Exercise data:
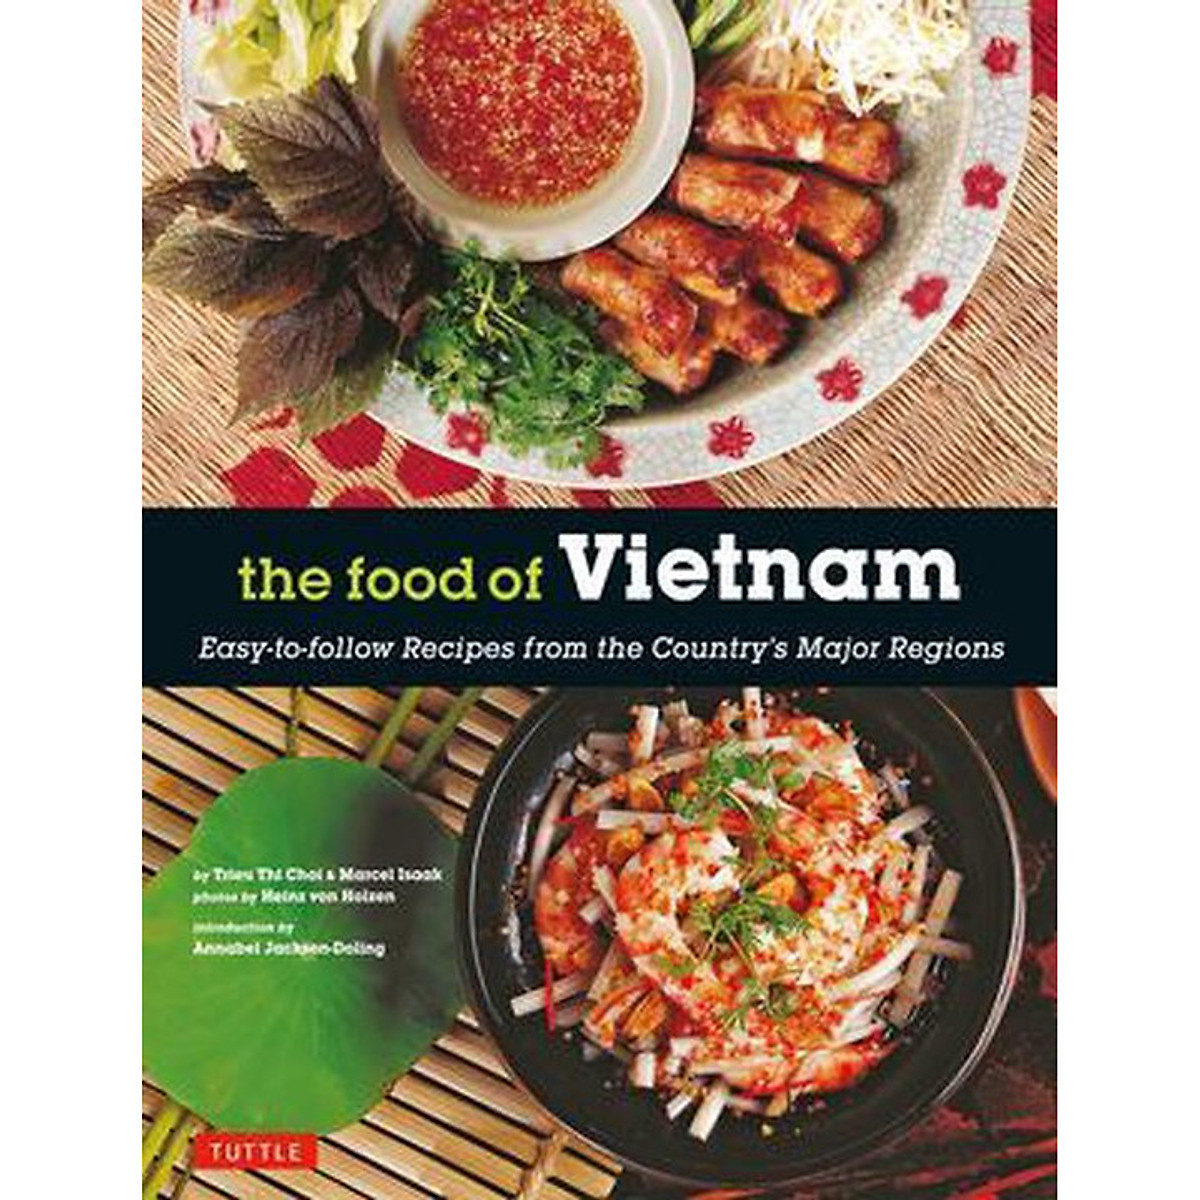  The Food of Vietnam : Easy-to-Follow Recipes from the Country's Major Regions
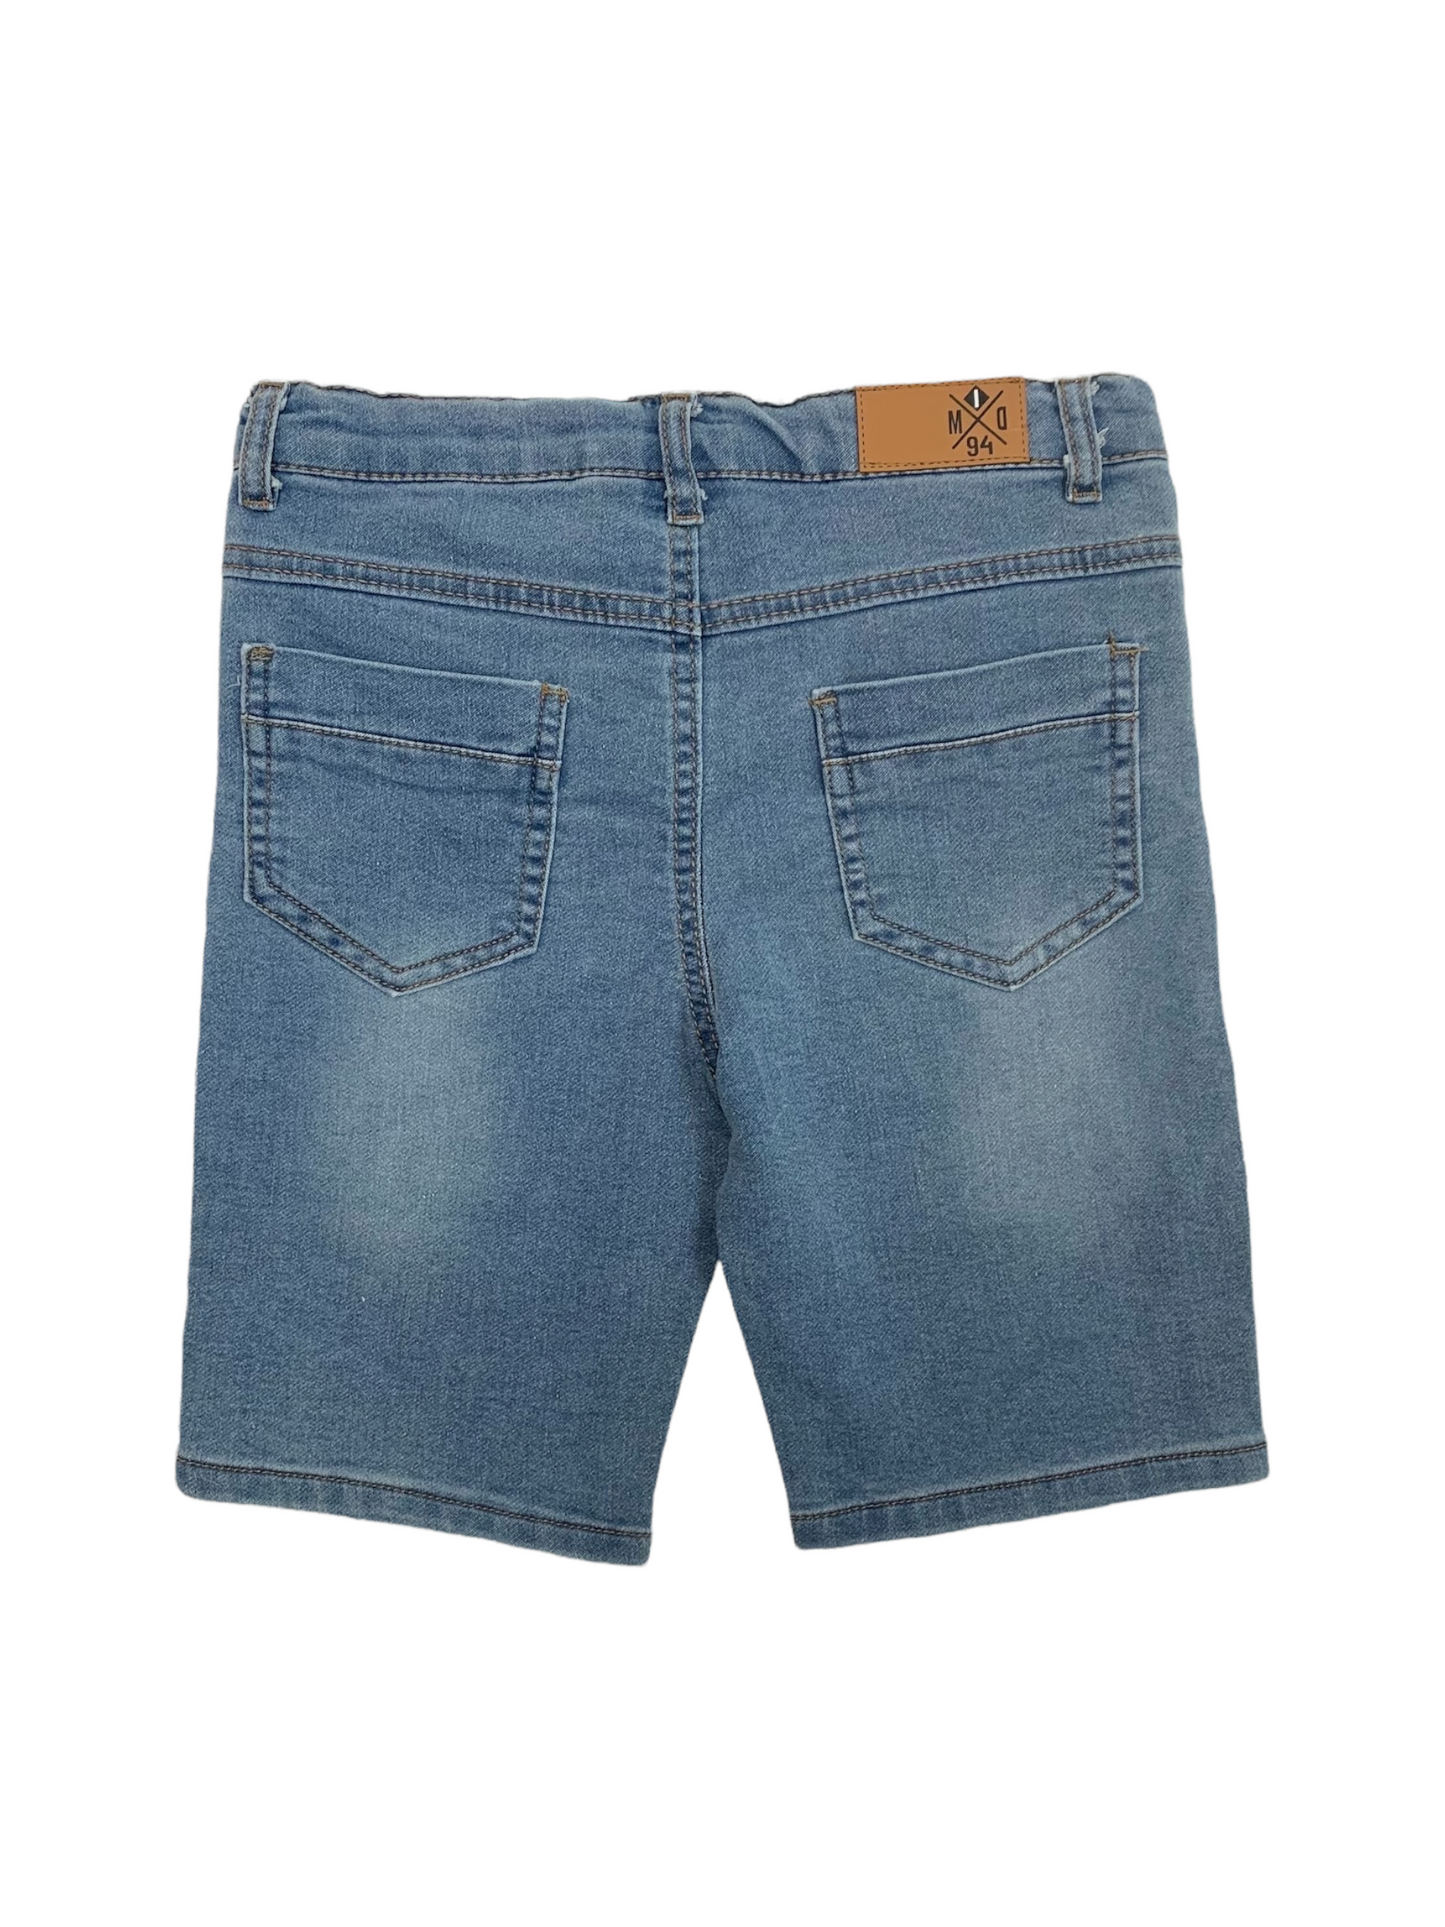 Pale blue MID Bermuda shorts for boys 7 to 14 years old
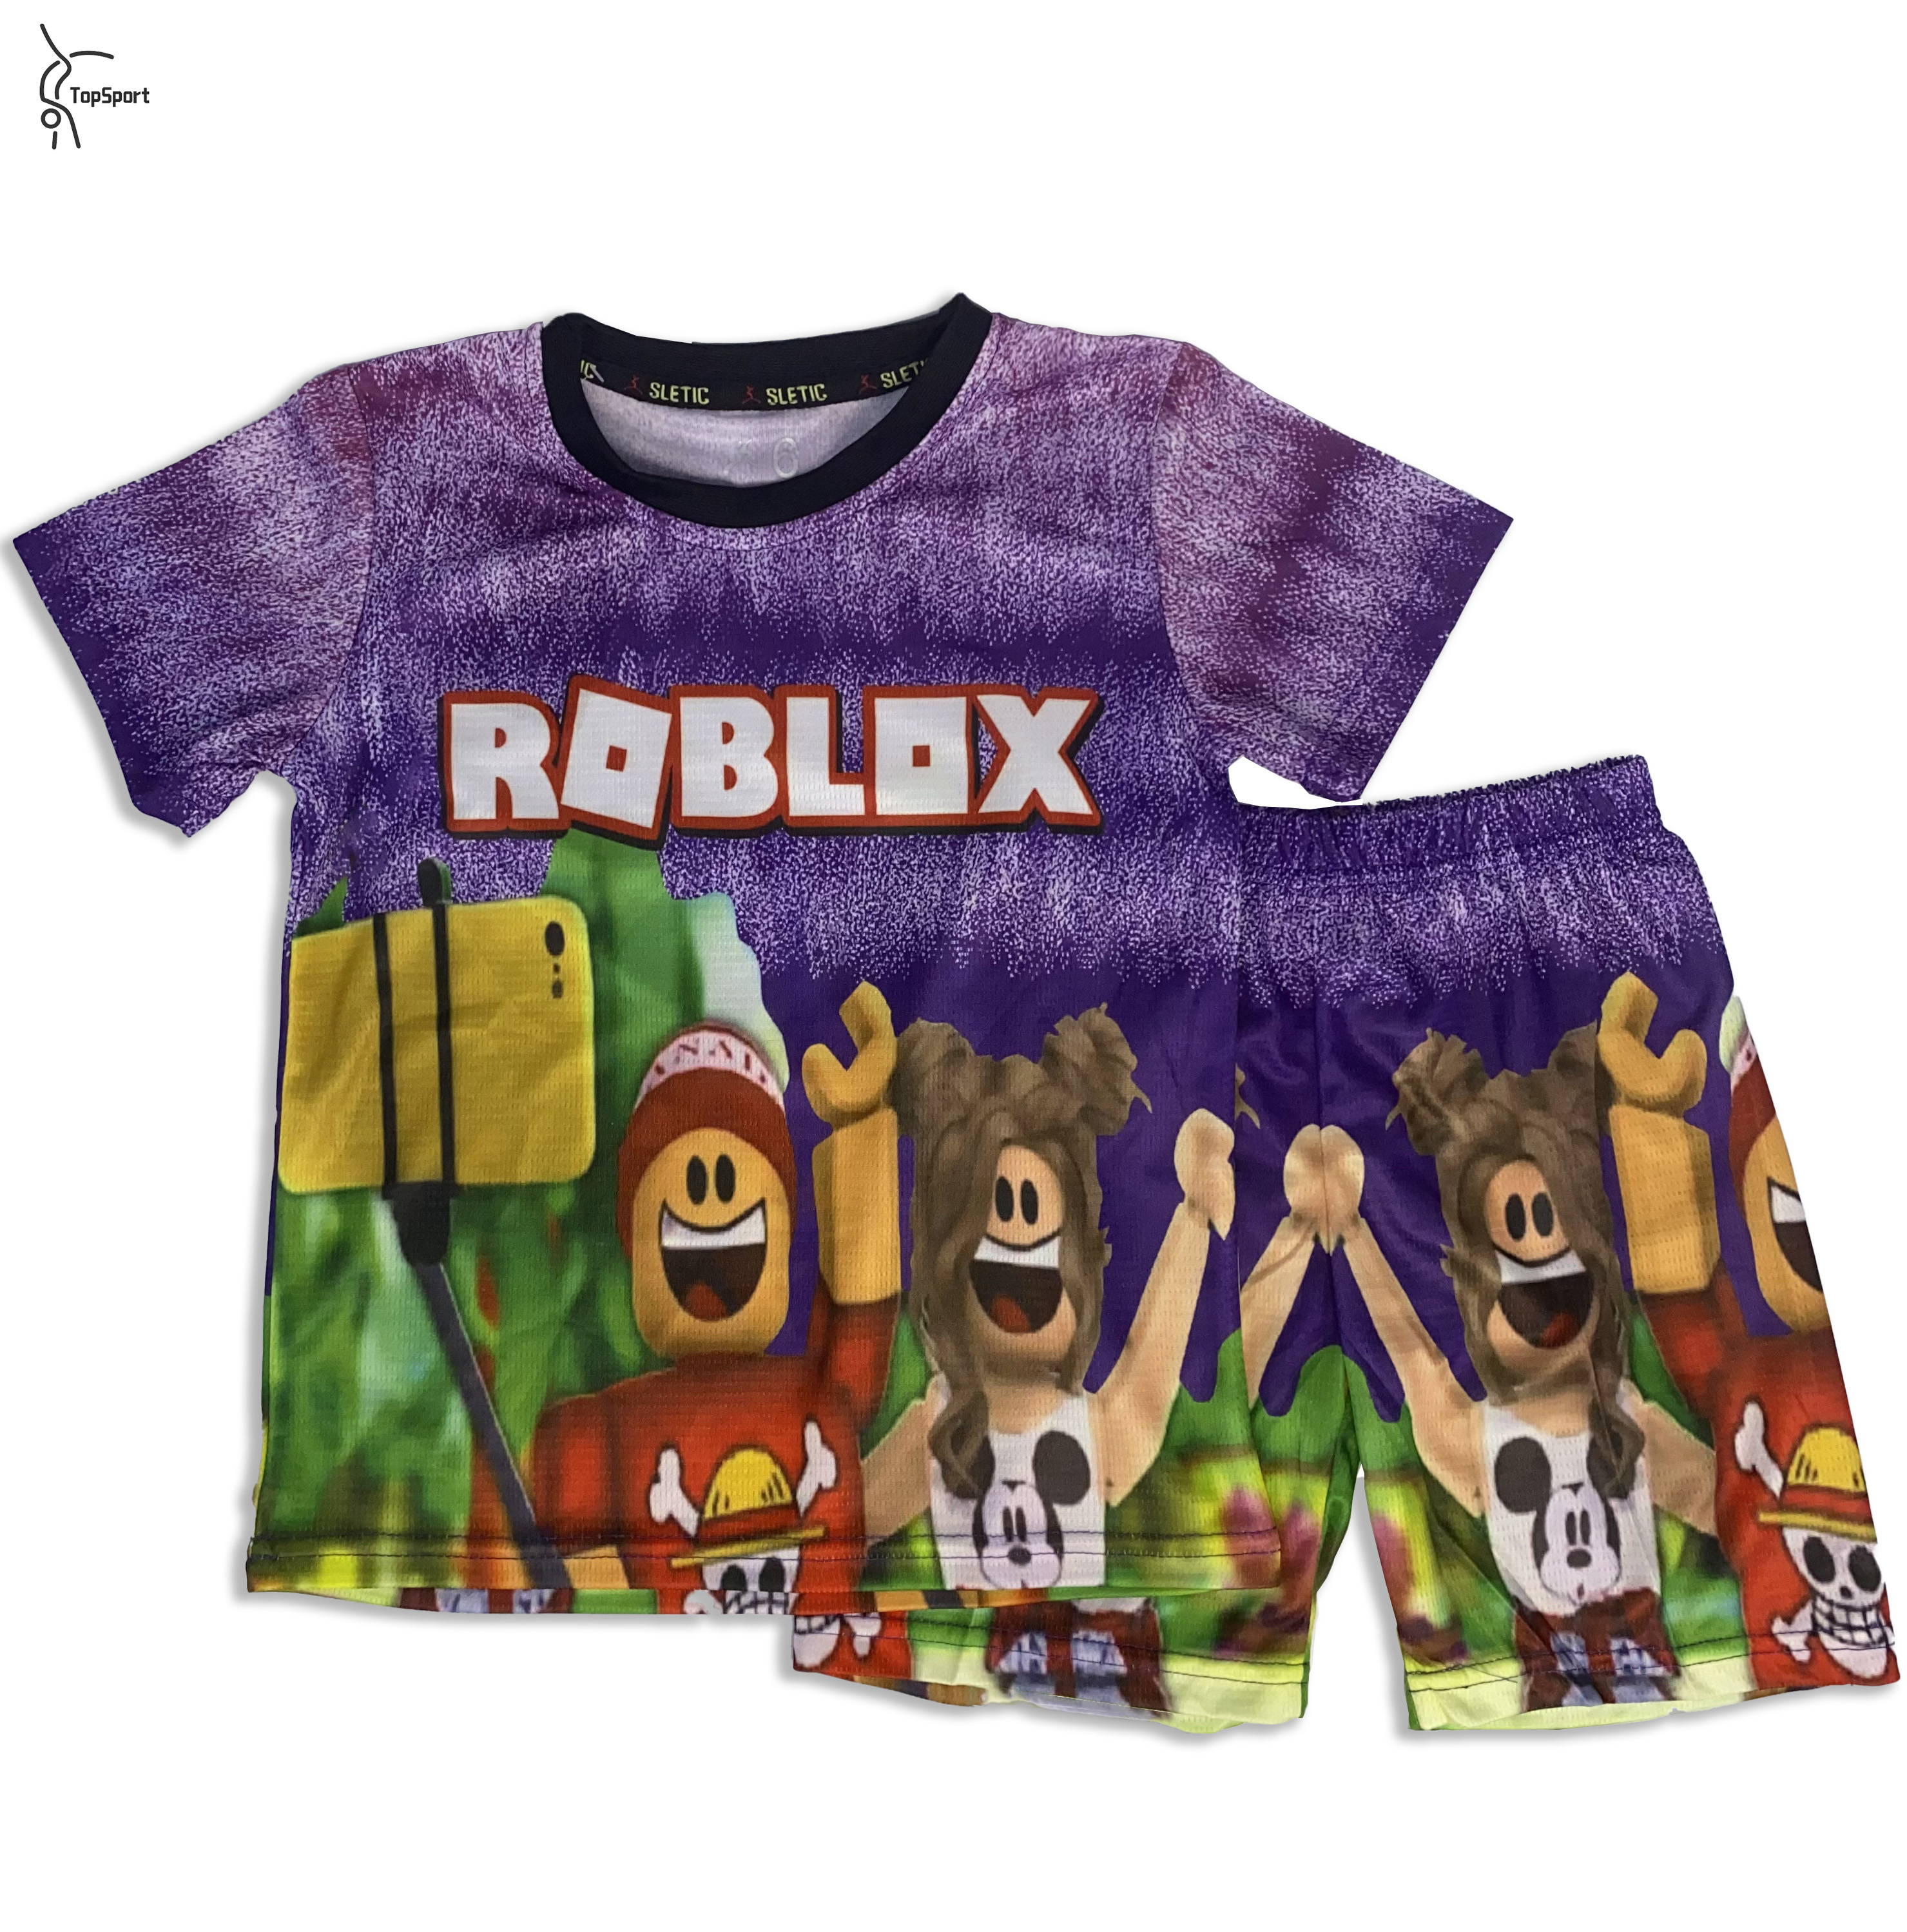 Black and White Cool Anime T-Shirt - Roblox

Required work:
Write out the lines of the listing from the one that holds "Pale blue MID" to the very last line, both included, exactly as they appear and without any pictures.

Answer box:
 Pale blue MID Bermuda shorts for boys 7 to 14 years old
 Black and White Cool Anime T-Shirt - Roblox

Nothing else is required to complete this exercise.